### Assignment
For the entries that follow, restate word for word the line containing "2 bedrooms Villa", the line containing "freshly cut vine tomatoes", and every line that lies between them.

### Data provided
☆ ☆ ☆ ☆ ☆ ☆ ☆

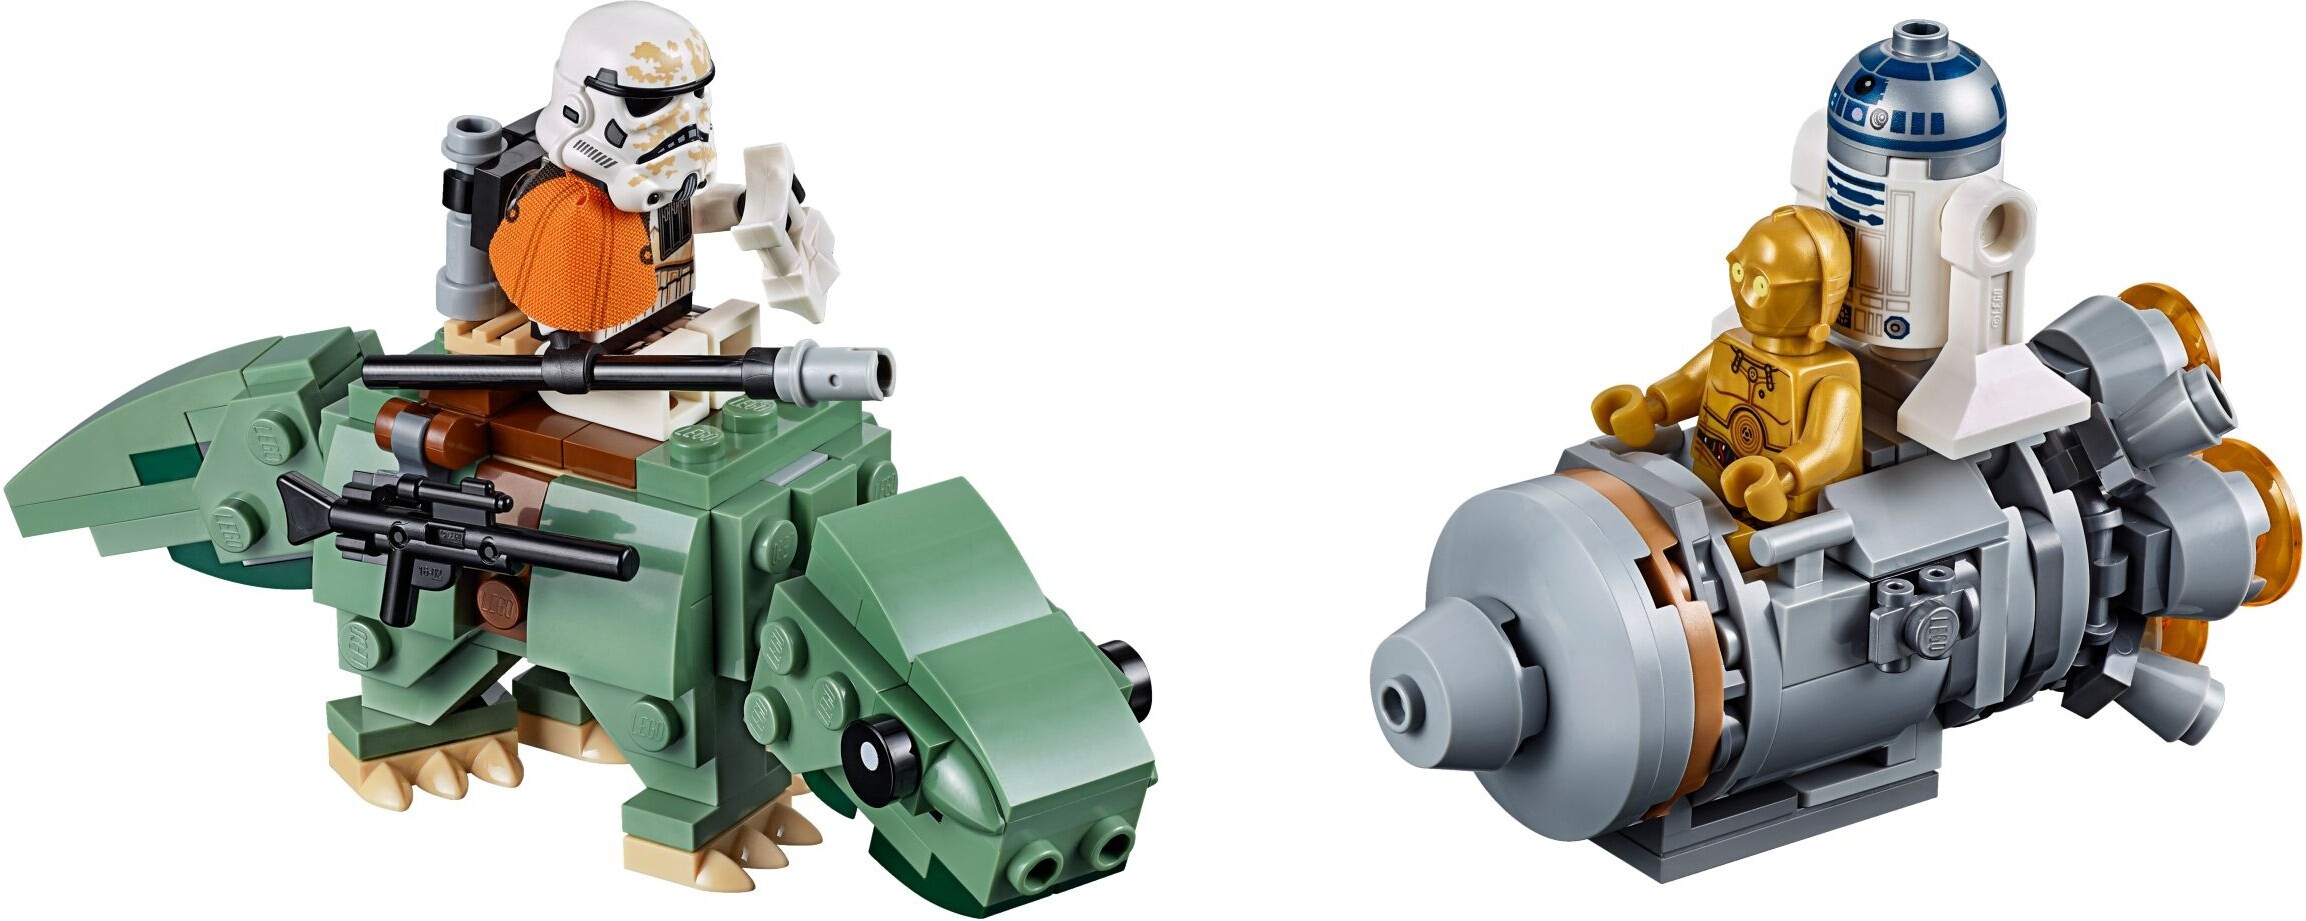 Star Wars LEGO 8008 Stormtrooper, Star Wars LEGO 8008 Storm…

☆ ☆ ☆ ☆ ☆ ☆ ☆

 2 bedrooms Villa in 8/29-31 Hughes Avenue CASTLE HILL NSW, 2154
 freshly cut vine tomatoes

☆ ☆ ☆ ☆ ☆ ☆ ☆

### Response to this task
 2 bedrooms Villa in 8/29-31 Hughes Avenue CASTLE HILL NSW, 2154
 freshly cut vine tomatoes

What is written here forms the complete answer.